-- Opening Marker --

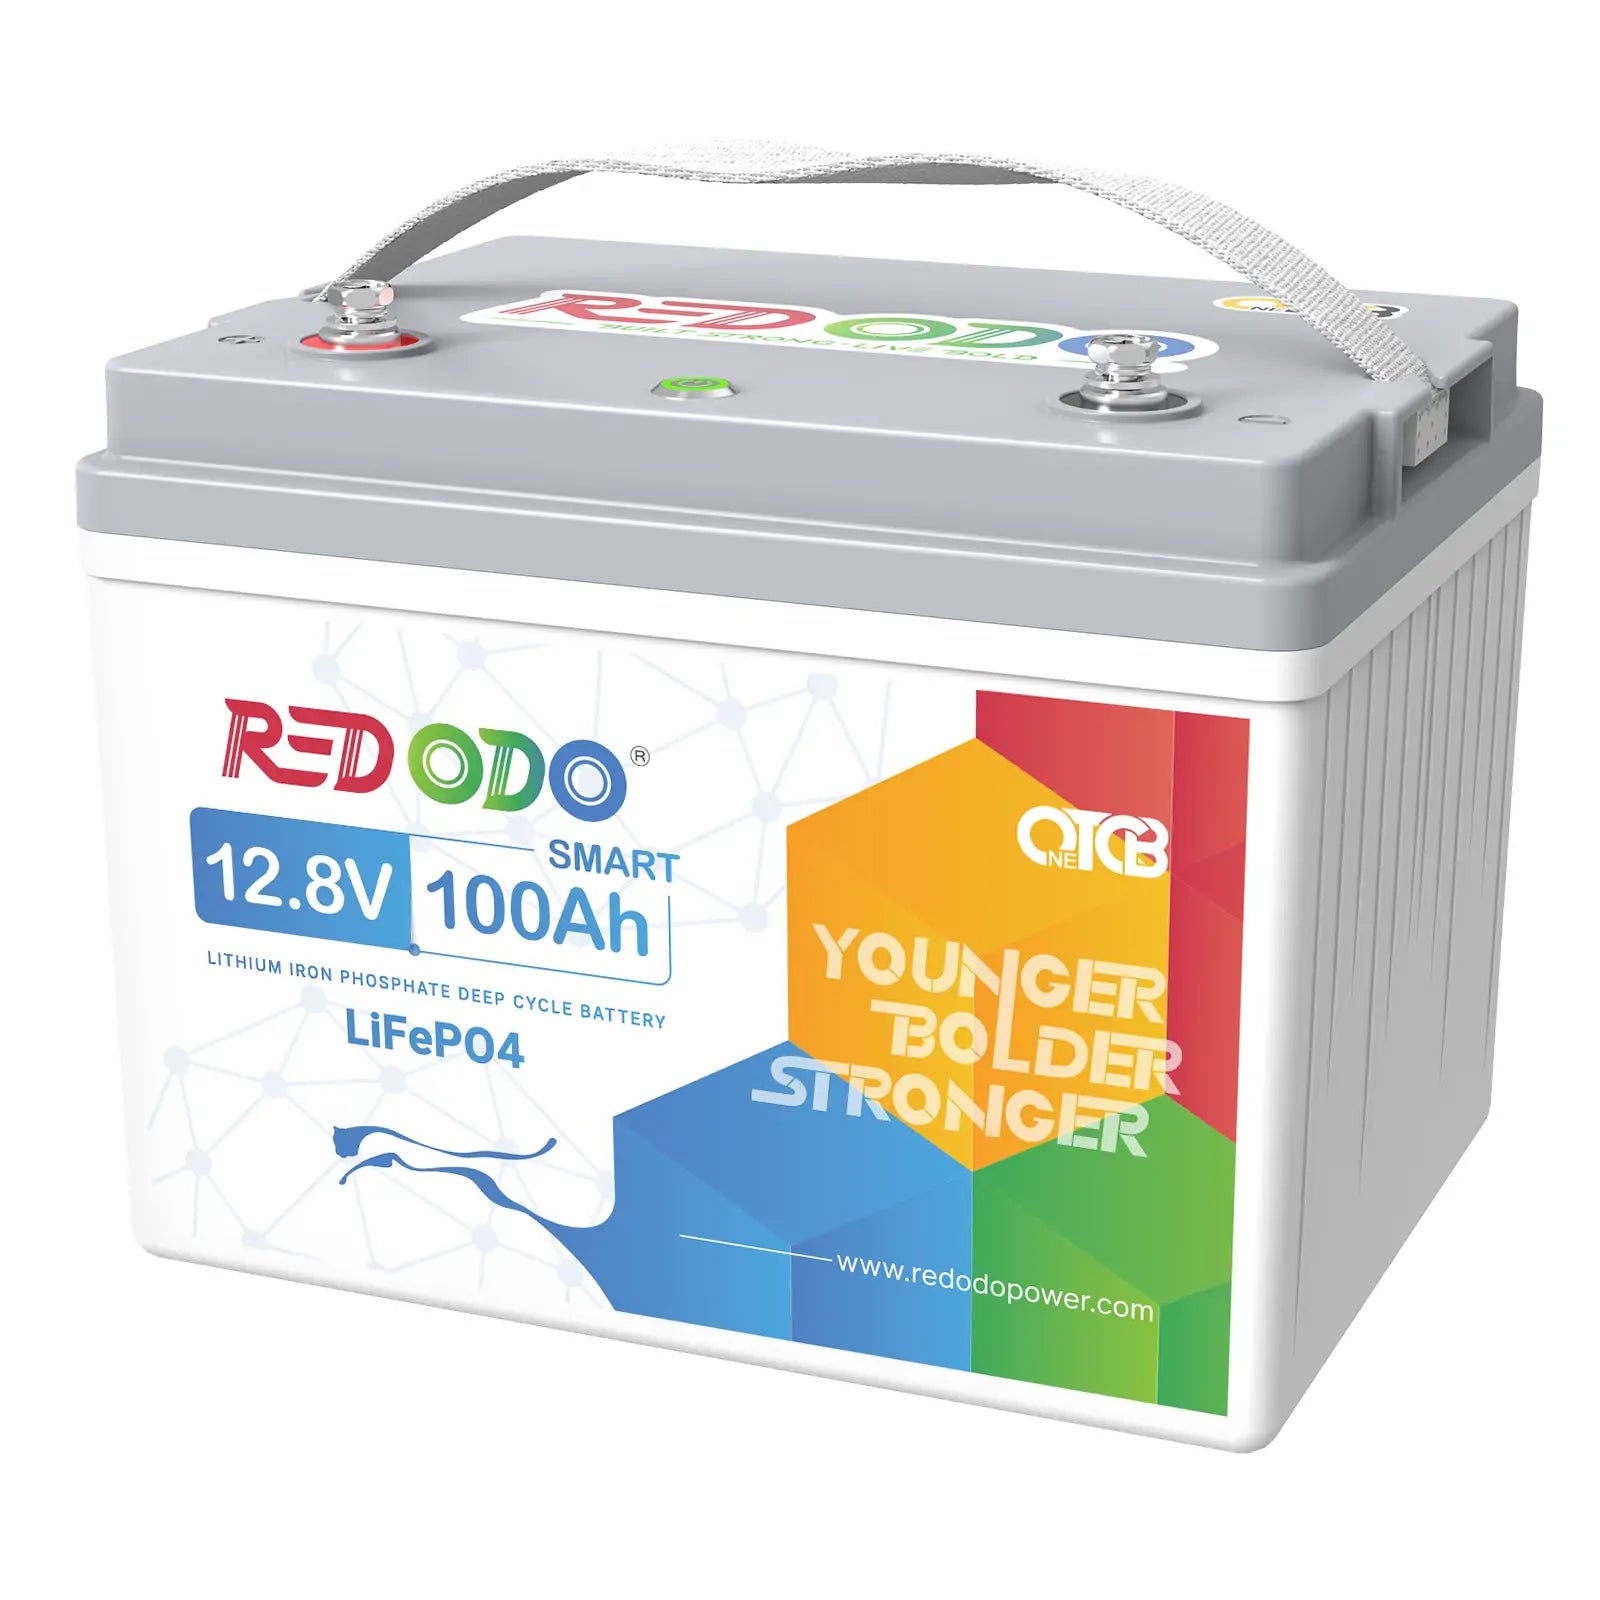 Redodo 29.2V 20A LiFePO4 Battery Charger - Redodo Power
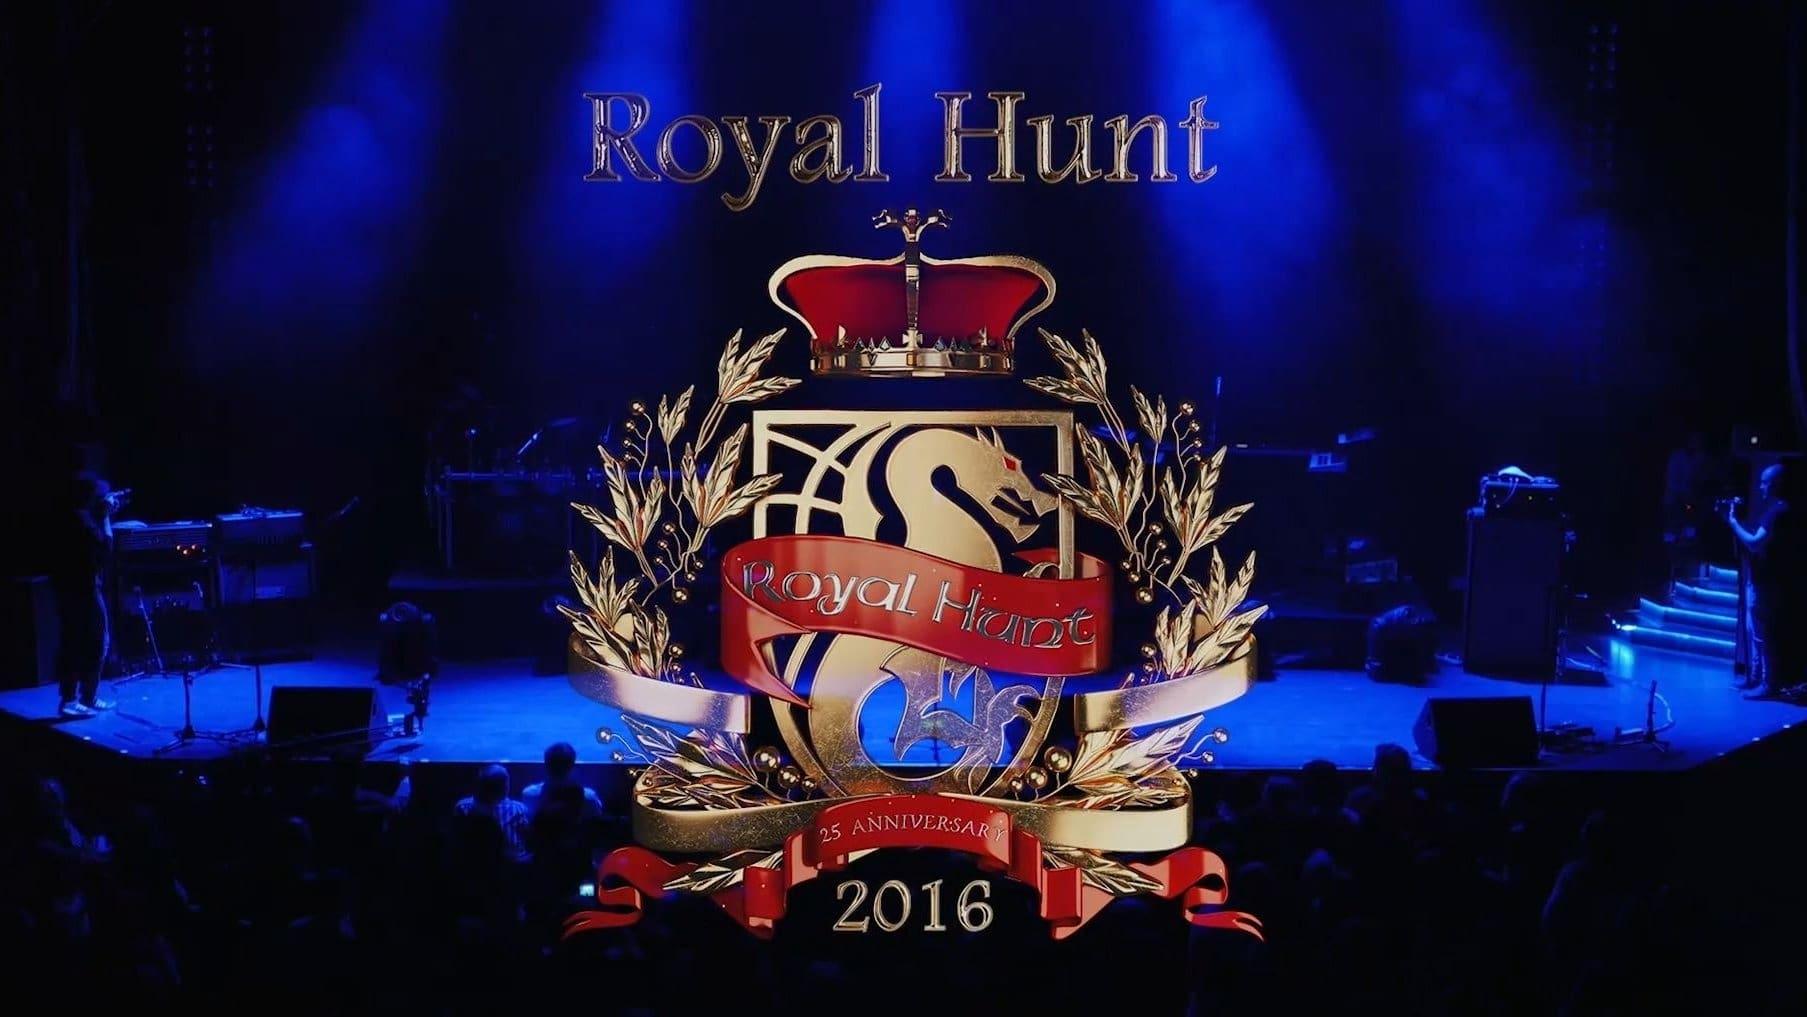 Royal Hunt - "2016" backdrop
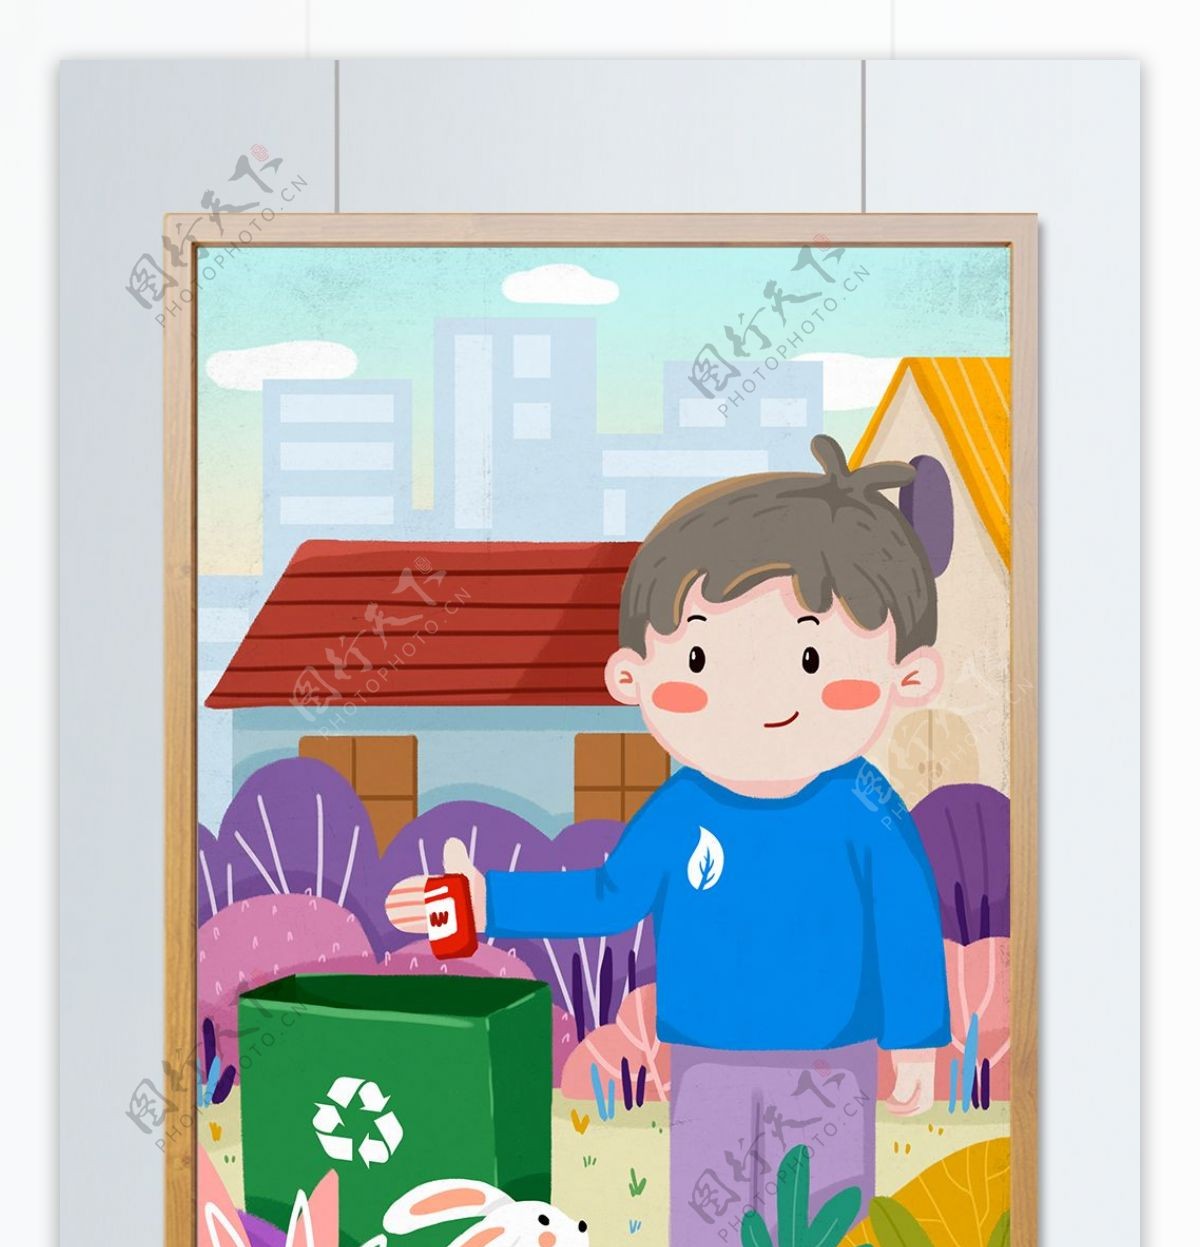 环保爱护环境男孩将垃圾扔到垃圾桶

-- Closing Marker --

Write the listing out exactly, word for word, but omit the pictures.

 Redodo 29.2V 20A LiFePO4 Battery Charger - Redodo Power
 Royal Hunt - "2016" backdrop
 环保爱护环境男孩将垃圾扔到垃圾桶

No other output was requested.